A dependent continuant is a quality or a realizable entity. A quality is something that all objects of a particular type have for all of the time they exist - for example, the mass of a bag of sugar, the shape of a hand, the fragility of a cup, the beauty of a view, the brightness of a light, and the smell of the ocean. Although these can change, the bag of sugar always has a mass and the hand always has a shape. This is contrasted with a realizable entity, where the value does not need to exist and the existence can change though time. A realizable entity is one of the following:

  • A function specifies the purpose of a object. For example, the function of a cup may be to hold coffee; the function of the heart is to pump blood.
  • A role specifies a goal that is not essential to the object's design but can be carried out. Examples of roles include the role of being a judge, the role of delivering coffee, or the role of a desk to support a computer monitor.
  • A disposition is something that can happen to an object, for example, the disposition of a cup to break if dropped, the disposition of vegetables to rot if not refrigerated, and the disposition of matches to light if they are not wet.

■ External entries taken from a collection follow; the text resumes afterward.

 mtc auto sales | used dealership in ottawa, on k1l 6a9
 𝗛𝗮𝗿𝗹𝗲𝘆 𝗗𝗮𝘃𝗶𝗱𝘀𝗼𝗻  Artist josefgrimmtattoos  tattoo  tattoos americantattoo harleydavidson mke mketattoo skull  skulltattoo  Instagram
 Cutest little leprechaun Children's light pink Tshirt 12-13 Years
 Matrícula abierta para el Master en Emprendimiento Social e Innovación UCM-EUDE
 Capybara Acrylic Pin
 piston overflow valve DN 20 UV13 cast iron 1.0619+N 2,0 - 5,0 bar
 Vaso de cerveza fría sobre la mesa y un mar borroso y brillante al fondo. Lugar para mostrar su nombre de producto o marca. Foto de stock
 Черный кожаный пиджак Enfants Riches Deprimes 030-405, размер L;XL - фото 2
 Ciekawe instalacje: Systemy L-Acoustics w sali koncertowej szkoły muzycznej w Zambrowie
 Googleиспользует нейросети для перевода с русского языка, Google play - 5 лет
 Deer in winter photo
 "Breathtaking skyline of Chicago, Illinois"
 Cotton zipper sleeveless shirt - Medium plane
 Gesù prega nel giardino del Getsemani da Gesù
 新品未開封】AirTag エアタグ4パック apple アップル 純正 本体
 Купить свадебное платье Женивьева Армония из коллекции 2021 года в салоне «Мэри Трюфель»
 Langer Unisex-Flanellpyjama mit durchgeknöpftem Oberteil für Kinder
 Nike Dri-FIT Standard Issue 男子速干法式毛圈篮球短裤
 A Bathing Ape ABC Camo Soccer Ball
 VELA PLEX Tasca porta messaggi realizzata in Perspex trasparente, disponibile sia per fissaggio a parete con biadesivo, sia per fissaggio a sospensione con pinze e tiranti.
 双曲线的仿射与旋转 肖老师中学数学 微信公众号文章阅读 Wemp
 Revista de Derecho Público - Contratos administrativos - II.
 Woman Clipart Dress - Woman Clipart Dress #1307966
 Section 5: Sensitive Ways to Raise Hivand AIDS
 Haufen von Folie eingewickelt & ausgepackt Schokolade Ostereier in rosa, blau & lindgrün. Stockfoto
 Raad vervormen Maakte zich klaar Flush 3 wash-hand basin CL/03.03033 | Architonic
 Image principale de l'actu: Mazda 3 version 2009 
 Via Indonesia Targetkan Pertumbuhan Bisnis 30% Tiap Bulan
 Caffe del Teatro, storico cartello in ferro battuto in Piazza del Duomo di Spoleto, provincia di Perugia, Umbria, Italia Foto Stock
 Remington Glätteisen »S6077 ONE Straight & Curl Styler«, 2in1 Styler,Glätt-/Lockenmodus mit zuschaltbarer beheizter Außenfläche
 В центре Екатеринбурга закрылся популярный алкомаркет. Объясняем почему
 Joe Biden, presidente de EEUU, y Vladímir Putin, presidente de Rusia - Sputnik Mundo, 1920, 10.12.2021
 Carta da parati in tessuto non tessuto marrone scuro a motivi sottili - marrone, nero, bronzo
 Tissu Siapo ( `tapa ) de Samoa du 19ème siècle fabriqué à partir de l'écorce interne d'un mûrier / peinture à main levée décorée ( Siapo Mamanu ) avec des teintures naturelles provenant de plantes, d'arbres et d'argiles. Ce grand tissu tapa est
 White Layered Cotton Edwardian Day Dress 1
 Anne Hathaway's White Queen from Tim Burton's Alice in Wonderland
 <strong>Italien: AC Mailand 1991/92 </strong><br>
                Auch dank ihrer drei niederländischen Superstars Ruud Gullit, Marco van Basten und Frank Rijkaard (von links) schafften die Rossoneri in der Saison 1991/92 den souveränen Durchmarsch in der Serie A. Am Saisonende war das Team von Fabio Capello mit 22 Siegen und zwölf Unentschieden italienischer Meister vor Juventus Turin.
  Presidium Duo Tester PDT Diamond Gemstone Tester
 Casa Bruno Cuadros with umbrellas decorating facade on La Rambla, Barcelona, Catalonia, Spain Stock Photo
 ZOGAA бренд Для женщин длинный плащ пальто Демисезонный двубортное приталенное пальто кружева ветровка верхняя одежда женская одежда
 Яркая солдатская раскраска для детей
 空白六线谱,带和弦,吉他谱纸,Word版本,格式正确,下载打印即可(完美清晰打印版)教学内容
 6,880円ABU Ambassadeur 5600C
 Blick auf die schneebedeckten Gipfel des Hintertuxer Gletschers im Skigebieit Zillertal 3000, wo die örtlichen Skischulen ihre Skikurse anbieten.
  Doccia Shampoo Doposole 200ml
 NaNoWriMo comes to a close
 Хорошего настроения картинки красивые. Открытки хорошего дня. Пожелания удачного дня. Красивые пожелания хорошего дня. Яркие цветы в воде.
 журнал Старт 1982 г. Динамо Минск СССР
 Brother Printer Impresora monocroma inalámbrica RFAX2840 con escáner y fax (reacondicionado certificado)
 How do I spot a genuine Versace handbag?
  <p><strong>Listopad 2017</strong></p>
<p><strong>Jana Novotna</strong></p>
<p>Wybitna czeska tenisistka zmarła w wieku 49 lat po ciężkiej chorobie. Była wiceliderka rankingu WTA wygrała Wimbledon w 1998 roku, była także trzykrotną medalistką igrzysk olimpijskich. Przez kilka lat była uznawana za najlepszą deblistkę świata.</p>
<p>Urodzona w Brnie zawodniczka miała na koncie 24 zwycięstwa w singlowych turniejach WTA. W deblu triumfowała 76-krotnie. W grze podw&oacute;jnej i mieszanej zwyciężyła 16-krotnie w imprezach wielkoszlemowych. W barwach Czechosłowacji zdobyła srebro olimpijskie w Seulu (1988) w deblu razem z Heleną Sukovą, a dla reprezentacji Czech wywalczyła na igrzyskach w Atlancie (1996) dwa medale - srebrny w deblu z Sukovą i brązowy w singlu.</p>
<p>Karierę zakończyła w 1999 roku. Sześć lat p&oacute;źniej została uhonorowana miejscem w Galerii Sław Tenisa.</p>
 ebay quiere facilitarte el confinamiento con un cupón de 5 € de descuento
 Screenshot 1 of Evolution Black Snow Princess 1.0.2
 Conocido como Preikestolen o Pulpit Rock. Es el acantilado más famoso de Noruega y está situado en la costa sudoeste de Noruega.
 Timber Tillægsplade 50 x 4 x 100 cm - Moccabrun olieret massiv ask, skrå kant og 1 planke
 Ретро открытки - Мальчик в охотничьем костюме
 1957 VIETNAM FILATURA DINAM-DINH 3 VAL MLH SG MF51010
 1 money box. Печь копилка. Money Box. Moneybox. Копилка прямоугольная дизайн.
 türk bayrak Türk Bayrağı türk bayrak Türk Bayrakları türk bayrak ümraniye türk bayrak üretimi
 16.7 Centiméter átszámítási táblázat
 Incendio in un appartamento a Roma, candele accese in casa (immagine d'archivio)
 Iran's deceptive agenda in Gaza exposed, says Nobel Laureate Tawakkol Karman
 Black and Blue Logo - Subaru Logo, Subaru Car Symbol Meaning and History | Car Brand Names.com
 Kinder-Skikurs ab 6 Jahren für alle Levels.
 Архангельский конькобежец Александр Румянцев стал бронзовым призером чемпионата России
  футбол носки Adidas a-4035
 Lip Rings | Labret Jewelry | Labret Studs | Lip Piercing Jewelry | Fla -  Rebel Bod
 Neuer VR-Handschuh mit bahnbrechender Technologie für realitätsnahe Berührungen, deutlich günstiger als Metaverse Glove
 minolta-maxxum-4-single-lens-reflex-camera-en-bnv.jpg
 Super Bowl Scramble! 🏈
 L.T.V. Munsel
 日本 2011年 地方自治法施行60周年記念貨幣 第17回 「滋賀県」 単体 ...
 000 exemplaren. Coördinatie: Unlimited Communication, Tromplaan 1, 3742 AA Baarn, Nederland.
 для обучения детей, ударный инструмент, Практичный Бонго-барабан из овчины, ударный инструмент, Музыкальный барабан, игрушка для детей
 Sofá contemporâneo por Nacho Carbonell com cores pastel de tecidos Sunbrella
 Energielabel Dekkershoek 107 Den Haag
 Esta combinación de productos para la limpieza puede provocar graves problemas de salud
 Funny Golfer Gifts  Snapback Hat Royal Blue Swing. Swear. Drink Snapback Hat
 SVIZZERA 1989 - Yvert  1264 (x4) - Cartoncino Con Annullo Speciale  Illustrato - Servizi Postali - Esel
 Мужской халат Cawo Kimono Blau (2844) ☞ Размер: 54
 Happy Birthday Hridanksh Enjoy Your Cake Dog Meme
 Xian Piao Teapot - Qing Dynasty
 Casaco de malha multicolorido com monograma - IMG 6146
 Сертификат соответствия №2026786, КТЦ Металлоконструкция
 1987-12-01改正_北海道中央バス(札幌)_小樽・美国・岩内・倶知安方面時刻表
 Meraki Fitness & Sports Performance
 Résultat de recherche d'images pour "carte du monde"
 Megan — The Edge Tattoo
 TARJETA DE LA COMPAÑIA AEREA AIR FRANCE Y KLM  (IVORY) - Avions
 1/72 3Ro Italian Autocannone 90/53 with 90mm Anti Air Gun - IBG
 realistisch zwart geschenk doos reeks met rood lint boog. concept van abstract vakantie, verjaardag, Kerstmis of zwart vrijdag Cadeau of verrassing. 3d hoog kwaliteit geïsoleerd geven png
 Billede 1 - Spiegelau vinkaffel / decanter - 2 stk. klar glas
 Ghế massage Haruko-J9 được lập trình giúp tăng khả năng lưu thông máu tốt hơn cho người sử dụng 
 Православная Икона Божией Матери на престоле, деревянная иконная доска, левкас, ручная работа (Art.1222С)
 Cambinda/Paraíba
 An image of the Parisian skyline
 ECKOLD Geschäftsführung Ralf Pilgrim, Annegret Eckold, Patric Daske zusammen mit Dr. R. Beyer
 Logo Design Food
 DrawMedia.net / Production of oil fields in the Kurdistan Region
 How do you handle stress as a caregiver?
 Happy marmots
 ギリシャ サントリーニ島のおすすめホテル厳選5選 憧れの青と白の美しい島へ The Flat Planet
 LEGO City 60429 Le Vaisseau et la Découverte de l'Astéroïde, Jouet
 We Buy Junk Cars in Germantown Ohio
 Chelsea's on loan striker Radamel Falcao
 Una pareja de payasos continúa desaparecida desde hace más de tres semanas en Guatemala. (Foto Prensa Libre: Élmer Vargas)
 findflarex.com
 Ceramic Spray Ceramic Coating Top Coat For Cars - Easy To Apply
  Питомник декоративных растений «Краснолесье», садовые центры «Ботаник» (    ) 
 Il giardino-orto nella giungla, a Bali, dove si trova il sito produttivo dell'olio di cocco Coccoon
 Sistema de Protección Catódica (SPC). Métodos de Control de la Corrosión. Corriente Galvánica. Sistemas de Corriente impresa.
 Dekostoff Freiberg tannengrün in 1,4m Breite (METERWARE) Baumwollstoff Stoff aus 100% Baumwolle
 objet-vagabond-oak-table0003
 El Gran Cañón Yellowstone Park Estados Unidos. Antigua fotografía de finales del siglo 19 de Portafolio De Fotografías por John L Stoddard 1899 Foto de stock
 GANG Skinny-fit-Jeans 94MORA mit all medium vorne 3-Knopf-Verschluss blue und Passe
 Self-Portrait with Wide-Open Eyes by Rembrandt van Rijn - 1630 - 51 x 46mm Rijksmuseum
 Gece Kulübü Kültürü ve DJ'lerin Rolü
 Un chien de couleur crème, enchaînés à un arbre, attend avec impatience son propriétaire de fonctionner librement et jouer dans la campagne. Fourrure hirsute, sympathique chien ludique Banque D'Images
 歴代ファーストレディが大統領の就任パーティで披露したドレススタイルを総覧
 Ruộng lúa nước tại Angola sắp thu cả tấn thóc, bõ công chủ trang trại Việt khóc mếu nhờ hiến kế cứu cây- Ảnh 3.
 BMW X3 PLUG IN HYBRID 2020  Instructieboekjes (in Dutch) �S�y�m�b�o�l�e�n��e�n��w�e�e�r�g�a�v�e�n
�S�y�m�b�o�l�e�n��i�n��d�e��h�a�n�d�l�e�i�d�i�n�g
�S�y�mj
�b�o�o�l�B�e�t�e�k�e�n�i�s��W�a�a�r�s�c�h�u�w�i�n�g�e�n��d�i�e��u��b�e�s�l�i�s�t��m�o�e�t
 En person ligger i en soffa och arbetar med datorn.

The other major category of entities is the occurrent. An occurrent is any of the following:

  • A temporal region is a region of time. A temporal region is either connected (if two points are in the region, so is every point in between) or scattered. Connected temporal regions are either intervals or instants (time points). Tuesday, March 1, 2011, is a temporal interval; 3:31 p.m. on that day is a temporal point. Tuesdays from 3:00 to 4:00 is a scattered temporal region.
  • A spatio-temporal region is a region of multidimensional space-time. Spatio-temporal regions are either scattered or connected. Some examples of spatio-temporal regions are the space occupied by a human life, the border between Canada and the United States in 1812, and the region occupied by the development of a cancer tumor.
  • A processual entity is something that occurs or happens, has temporal parts (as well as, perhaps, spatial parts), and depends on a continuant. For example, Joe's life has parts such as infancy, childhood, adolescence, and adulthood and involves a continuant, Joe. A processual entity is any of the following:
    • A process is something that happens over time and has distinct ends, such as a life, a holiday, or a diagnostic session.
    • A process aggregate is a collection of processes such as the playing of the individuals in a band, or the flying of a set of planes in a day.
    • A fiat part of process is part of a process having no distinct ends, such as the most interesting part of a holiday, or the most serious part of an operation.
    • A processual context is the setting for some other occurrent, for example, relaxation as the setting for rejuvenation, or a surgery as a setting for an infection.
    • A boundary of a process is the instantaneous temporal boundary of a process, such as when a robot starts to clean up the lab, or a birth.

The claim is that this is a useful categorization on which to base other ontologies. Making it explicit how domain ontologies fit into an upper-level ontology promises to facilitate the integration of these ontologies. The integration of ontologies is necessary to allow applications to refer to multiple knowledge bases, each of which may each use different ontologies. Designing a top-level ontology is difficult. It probably will not satisfy everyone who must use one. There always seem to be some problematic cases. In particular, boundary cases are often not well specified. However, using a standard top-level ontology should help in connecting ontologies together.